DATA SHOWN:

━━━━━━━━

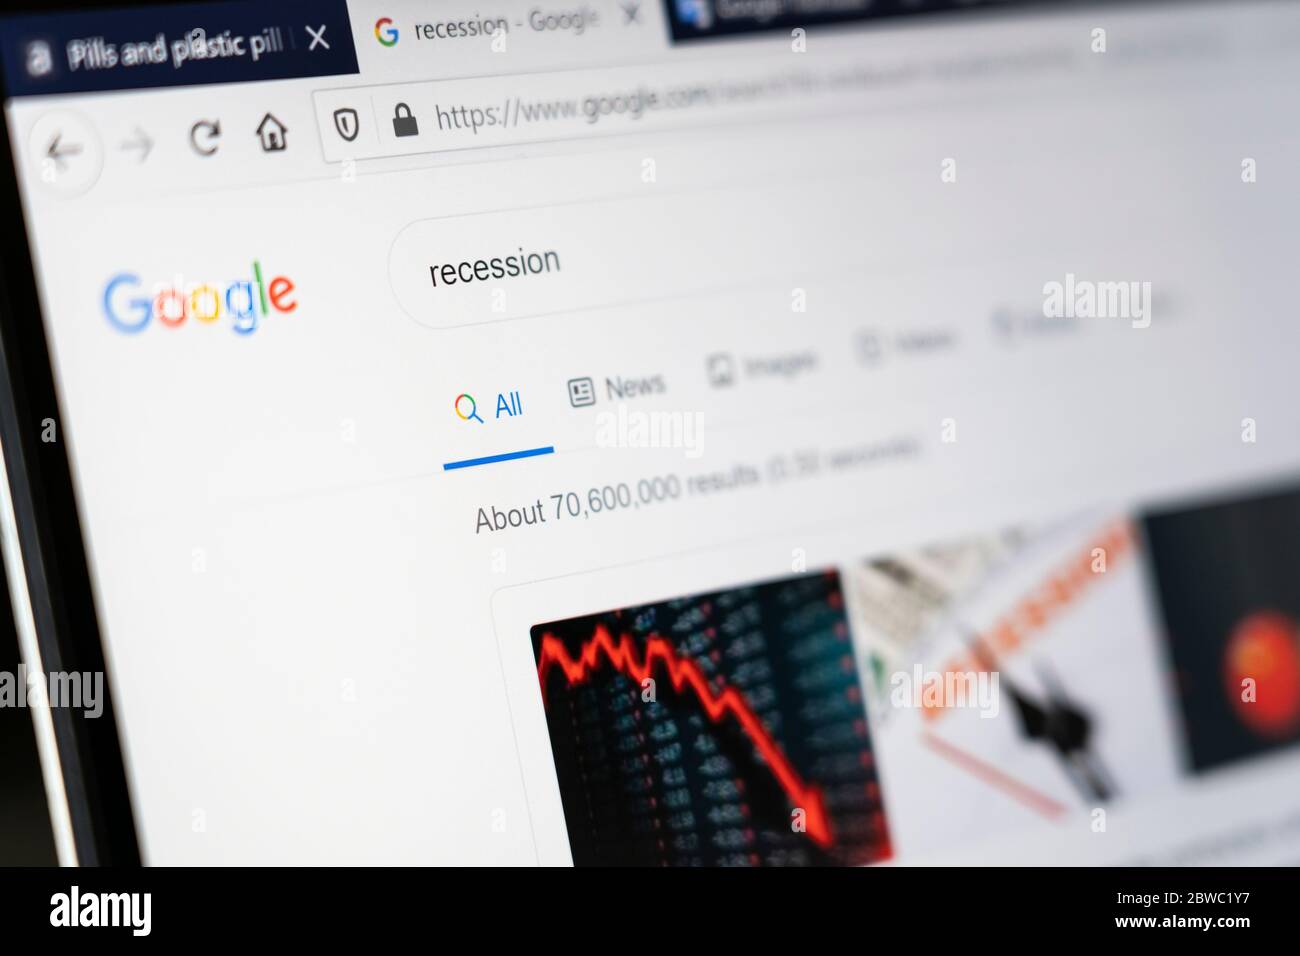 Un écran d'ordinateur montrant le mot'Recession' comme un terme de recherche de moteur de recherche Google avec le nombre de résultats de recherche affichés Banque D'Images
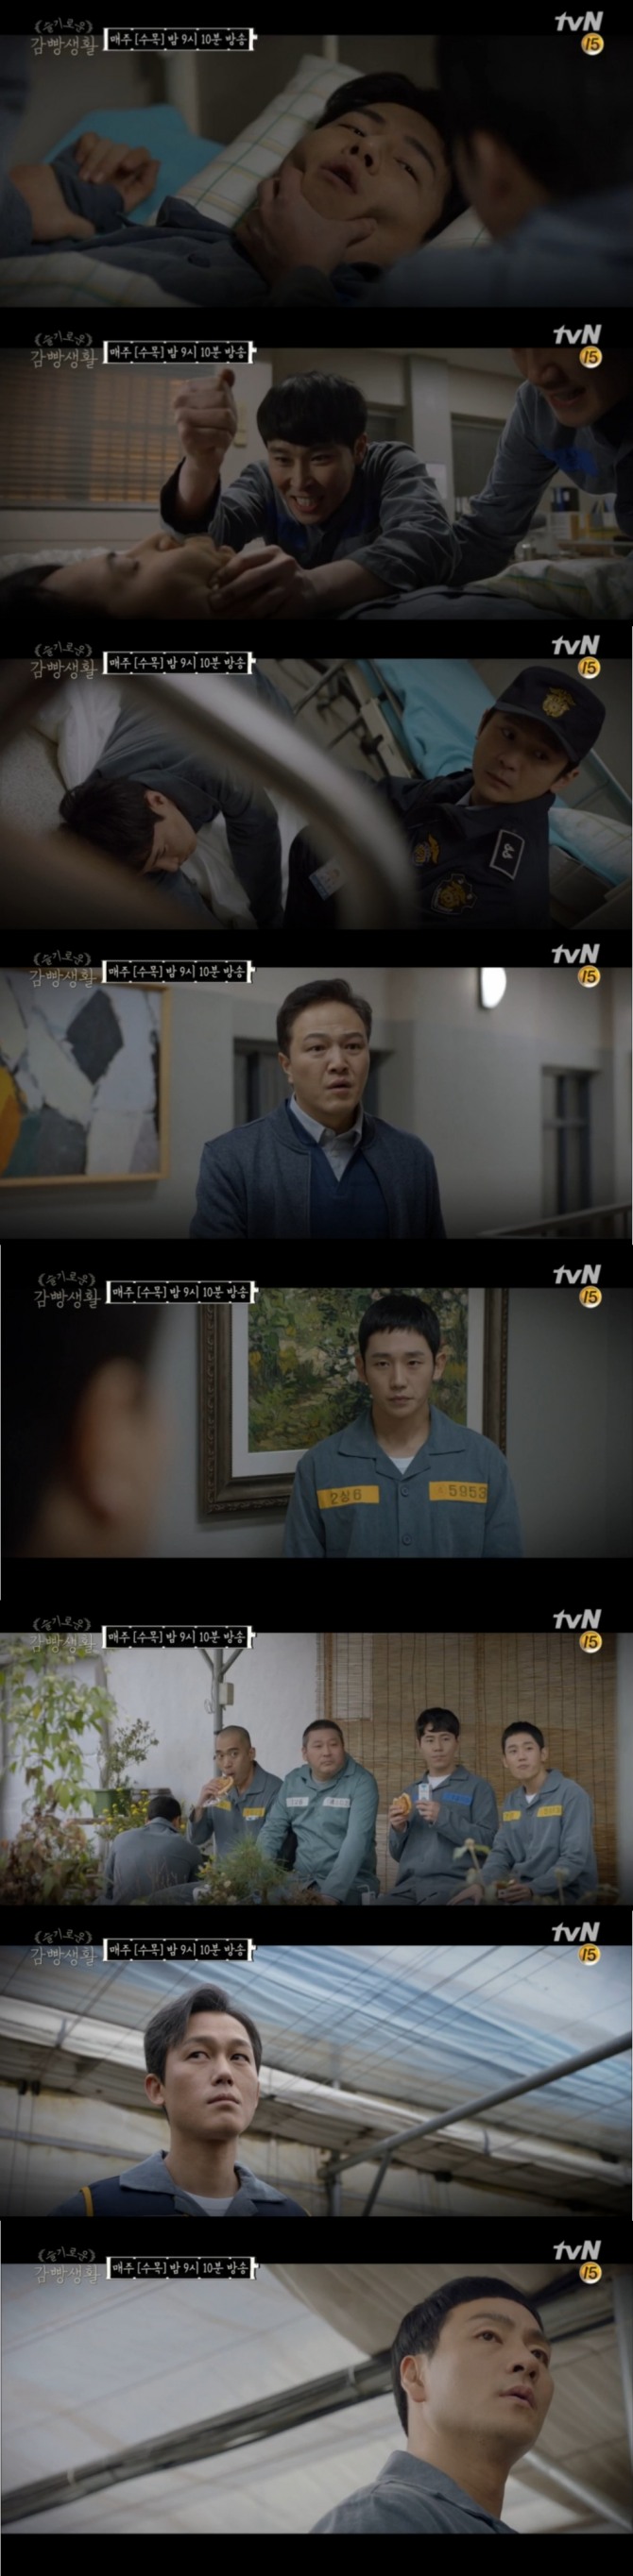 11일 밤 방송된 tvN 수목드라마 '슬기로운 감빵생활' 14회에서는 유대위(정해인)가 강제 약물 복용 위기에 처한 해롱이 유한양(이규형)을 구하는 극적인 잔번이 그려졌다. 사진=tvN 방송 캡처
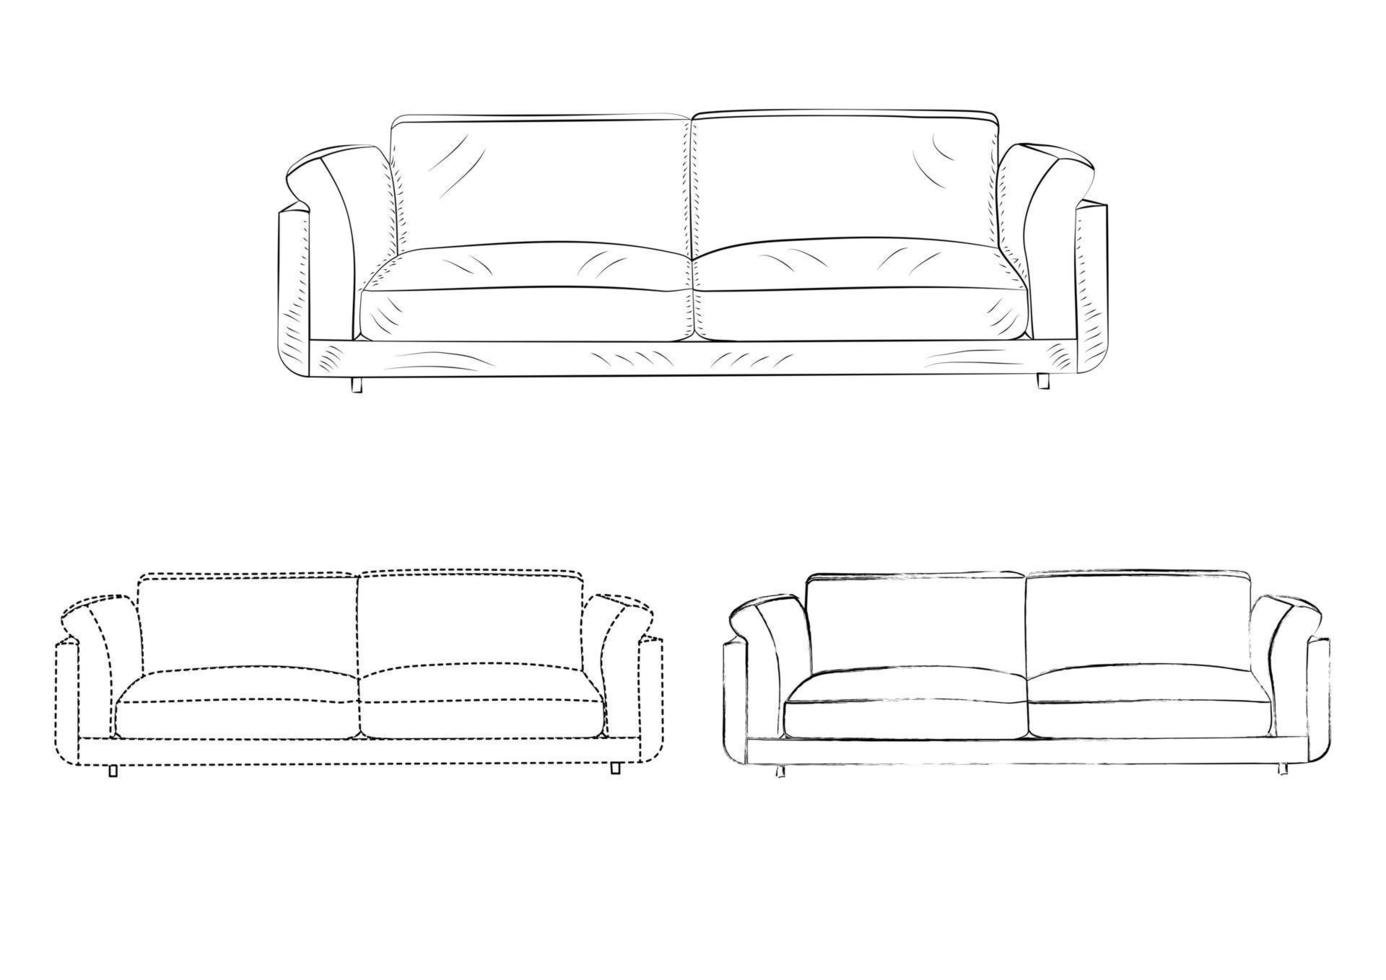 Zeichnungsskizze, Silhouette Umriss Sofa, Couch, Couch, Tagesbett, Chaiselongue, Ottomane. Linienstil und Pinselstriche vektor

━━━━━━━━

All of the data must be repeated exactly, except for the pictures.

 Un écran d'ordinateur montrant le mot'Recession' comme un terme de recherche de moteur de recherche Google avec le nombre de résultats de recherche affichés Banque D'Images
 11일 밤 방송된 tvN 수목드라마 '슬기로운 감빵생활' 14회에서는 유대위(정해인)가 강제 약물 복용 위기에 처한 해롱이 유한양(이규형)을 구하는 극적인 잔번이 그려졌다. 사진=tvN 방송 캡처
 Zeichnungsskizze, Silhouette Umriss Sofa, Couch, Couch, Tagesbett, Chaiselongue, Ottomane. Linienstil und Pinselstriche vektor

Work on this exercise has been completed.